YOUR GOAL -
The lines below that include "очень" are to be found and copied.

INPUT FOR THIS TASK -
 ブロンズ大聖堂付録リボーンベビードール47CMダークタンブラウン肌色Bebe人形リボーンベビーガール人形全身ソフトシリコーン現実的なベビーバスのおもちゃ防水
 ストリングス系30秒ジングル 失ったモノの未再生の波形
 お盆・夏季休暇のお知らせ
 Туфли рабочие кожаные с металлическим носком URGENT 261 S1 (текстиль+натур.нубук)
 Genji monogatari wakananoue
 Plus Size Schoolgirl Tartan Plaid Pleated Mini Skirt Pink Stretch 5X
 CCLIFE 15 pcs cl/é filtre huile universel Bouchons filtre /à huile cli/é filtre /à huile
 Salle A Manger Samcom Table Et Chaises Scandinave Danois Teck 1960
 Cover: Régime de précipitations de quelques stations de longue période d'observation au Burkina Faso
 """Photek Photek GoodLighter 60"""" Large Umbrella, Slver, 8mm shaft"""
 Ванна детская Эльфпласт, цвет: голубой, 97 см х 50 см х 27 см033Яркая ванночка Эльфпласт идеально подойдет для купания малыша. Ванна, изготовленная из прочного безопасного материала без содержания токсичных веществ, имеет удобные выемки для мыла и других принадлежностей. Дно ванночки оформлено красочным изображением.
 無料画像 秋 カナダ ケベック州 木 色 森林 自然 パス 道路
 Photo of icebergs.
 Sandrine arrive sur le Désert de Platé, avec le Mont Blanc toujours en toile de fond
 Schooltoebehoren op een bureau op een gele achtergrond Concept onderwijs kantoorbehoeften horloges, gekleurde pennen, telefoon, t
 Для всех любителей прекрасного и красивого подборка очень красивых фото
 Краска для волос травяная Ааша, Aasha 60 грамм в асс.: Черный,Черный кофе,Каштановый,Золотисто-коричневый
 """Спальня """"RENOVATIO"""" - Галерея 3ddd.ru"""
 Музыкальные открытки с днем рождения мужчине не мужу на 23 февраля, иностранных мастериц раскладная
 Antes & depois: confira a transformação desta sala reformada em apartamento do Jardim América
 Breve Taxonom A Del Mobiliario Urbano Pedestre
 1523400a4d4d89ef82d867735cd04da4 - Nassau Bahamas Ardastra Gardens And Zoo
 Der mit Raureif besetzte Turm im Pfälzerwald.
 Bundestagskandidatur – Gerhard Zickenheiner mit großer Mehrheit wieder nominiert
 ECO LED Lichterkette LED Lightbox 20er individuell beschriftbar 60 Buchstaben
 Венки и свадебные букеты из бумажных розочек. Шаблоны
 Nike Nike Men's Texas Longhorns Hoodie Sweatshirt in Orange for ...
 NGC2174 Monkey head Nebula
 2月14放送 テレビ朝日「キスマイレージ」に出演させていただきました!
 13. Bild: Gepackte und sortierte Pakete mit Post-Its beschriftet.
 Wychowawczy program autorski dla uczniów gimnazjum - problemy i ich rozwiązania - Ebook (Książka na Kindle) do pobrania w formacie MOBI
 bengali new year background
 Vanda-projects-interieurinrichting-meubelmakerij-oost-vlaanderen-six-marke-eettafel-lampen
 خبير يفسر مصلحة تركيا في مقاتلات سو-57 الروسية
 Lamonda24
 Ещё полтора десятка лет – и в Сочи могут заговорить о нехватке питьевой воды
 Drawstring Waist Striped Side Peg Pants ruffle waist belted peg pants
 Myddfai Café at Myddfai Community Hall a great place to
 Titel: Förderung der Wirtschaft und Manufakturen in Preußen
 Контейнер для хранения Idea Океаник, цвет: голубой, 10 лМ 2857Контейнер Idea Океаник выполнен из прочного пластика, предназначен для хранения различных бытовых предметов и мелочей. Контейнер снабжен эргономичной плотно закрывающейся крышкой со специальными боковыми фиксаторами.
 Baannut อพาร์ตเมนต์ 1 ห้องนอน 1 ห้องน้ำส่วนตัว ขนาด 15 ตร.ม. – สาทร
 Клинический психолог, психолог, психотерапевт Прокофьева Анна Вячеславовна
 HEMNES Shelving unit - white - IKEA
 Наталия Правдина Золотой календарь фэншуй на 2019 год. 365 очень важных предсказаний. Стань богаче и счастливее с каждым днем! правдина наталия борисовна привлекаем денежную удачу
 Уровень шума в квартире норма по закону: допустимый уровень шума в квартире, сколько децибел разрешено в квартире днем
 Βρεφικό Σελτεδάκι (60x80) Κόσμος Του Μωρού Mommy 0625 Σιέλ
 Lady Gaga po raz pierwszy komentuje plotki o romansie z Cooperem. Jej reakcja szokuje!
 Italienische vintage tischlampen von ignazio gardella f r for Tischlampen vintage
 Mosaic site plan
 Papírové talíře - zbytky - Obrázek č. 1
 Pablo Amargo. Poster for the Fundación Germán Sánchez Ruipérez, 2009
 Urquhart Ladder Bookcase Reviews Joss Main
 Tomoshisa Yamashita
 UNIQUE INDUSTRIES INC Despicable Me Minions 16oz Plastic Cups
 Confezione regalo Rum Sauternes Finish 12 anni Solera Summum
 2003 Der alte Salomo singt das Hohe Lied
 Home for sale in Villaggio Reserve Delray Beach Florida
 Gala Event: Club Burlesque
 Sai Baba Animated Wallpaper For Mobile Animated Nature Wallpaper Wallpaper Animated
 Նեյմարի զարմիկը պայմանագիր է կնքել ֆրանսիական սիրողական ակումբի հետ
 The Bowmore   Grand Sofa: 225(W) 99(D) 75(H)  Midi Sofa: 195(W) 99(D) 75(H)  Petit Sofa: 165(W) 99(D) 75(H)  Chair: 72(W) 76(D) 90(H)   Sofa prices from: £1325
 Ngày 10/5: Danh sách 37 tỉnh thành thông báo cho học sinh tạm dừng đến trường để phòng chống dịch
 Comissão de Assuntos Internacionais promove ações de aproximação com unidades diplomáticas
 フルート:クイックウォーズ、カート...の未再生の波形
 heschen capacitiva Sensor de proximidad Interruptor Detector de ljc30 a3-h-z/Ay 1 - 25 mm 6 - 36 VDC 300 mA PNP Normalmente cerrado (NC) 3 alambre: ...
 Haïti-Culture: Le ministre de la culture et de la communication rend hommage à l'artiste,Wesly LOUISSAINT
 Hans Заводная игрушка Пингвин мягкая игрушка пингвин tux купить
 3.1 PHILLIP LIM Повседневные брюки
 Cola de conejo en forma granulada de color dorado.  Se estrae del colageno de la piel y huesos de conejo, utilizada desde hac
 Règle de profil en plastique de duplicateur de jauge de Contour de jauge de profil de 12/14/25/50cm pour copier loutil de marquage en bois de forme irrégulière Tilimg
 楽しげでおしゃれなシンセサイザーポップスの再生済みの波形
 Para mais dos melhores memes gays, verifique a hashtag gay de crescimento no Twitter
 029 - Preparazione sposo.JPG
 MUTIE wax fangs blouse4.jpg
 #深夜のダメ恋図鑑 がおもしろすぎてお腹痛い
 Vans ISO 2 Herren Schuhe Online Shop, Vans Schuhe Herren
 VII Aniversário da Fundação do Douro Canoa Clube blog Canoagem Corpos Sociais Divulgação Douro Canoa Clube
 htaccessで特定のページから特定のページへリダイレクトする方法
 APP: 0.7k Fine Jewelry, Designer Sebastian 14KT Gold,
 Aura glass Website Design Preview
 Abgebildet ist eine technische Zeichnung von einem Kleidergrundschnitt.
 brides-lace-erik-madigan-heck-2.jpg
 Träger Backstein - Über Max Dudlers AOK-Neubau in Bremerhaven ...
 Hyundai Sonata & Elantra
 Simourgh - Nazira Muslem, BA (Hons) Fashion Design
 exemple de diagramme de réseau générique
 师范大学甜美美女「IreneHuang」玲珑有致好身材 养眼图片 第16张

RESULT FOR THIS EXERCISE -
 Для всех любителей прекрасного и красивого подборка очень красивых фото
 Наталия Правдина Золотой календарь фэншуй на 2019 год. 365 очень важных предсказаний. Стань богаче и счастливее с каждым днем! правдина наталия борисовна привлекаем денежную удачу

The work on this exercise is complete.